Startup console screen in PySpark

We can observe that, after starting PySpark, it displays lots of information. It displays information about the Python and PySpark versions it is using.

The >>> symbol is Python’s command prompt. Whenever we start the Python shell, we get this symbol. It tells us that we can now write our Python commands. Similarly in PySpark, it tells us that we can now write our Python or PySpark command and see the result.

The PySpark shell works in a similar fashion on a single machine installation and a cluster installation of PySpark.

Recipe 2-4. Install Hive on a Single Machine

Problem

You want to install Hive on a single machine.

Solution

We discussed Hive in the first chapter. Now it is time to install Hive on our machine. We are going to read data from Hive to PySparkSQL in coming chapters.

How It Works

Follow these steps to complete the Hive installation.

Step 2-4-1. Downloading Hive

We can download Hive from the Apache Hive website. We can download the Hive tar.gz file using the wget command, as follows.

[pysparksqlbook@localhost binaries]$ wget http://mirrors.fibergrid.in/apache/hive/stable-2/apache-hive-2.3.3-bin.tar.gz

Here is the output:

--2018-06-26 18:24:09-- http://mirrors.fibergrid.in/apache/hive/stable-2/apache-hive-2.3.3-bin.tar.gz

Resolving mirrors.fibergrid.in (mirrors.fibergrid.in)... 103.116.36.9, 2402:f4c0::9

Connecting to mirrors.fibergrid.in (mirrors.fibergrid.in)|103.116.36.9|:80... connected.

HTTP request sent, awaiting response... 200 OK

Length: 232229830 (221M) [application/x-gzip]

Saving to: 'apache-hive-2.3.3-bin.tar.gz'

100%[======================================>] 232,229,830 1.04MB/s in 4m 29s

2018-06-26 18:28:39 (842 KB/s) - 'apache-hive-2.3.3-bin.tar.gz' saved [232229830/232229830]

Step 2-4-2. Extracting Hive

We have downloaded the apache-hive-2.3.3-bin.tar.gz file. It is a .tar.gz file, so we have to extract it. We can extract it using the tar command as follows.

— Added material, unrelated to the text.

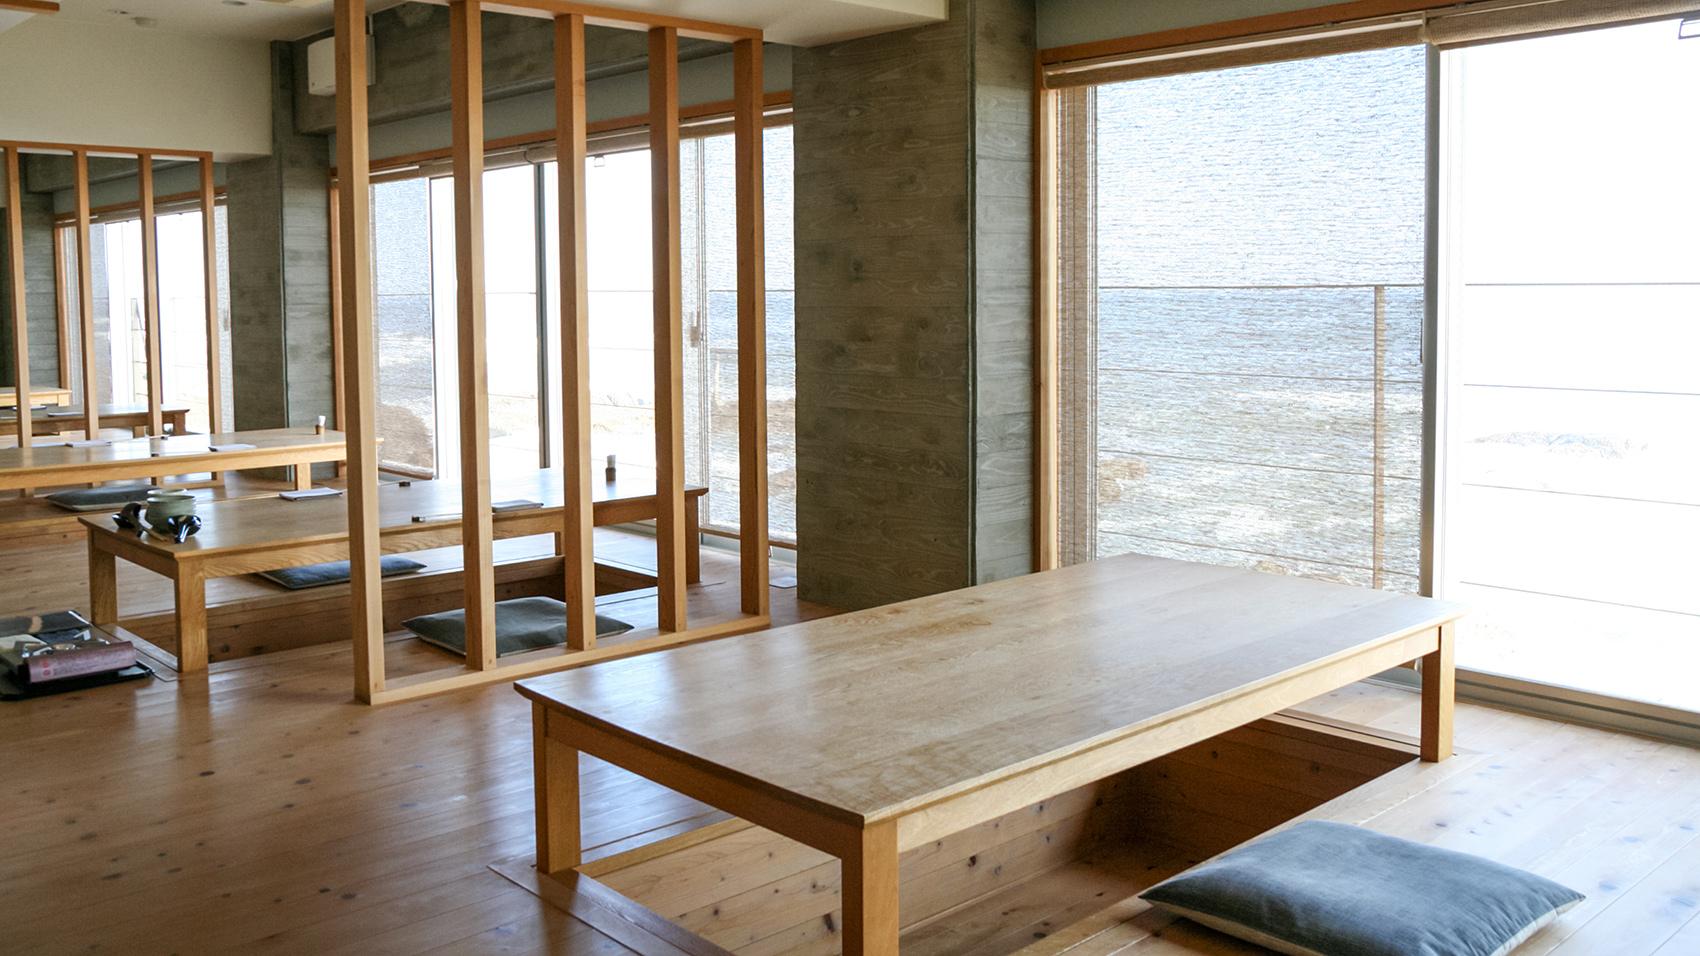 朝食は海から昇る朝日を眺めながら、掘り炬燵式のテーブルがある板張りのお座敷でいただく。

[pysparksqlbook@localhost binaries]$ tar xvzf apache-hive-2.3.3-bin.tar.gz

Step 2-4-3. Moving the Extracted Hive Directory

[pysparksqlbook@localhost binaries]$ sudo mv apache-hive-2.3.3-bin /allBigData/hive

Step 2-4-4. Updating hive-site.xml

Hive is dispatched with an embedded Derby database for metastore. The Derby database is memory-less. Hence, it is better to provide a definite location for it. We provide that location in hive-site.xml. For that, we have to move hive-default.xml.template to hive-site.xml.

[pysparksqlbook@localhost binaries]$ mv /allBigData/hive/conf/hive-default.xml.template /allBigData/hive/conf/hive-default.xml.templatehive-site.xml

Then open hive-site.xml and update the following:

[pysparksqlbook@localhost binaries]$ vim /allBigData/hive/conf/hive-site.xml

Either add the following line to the end of hive-site.xml or change javax.jdo.option.ConnectionURL in the hive-site.xml file.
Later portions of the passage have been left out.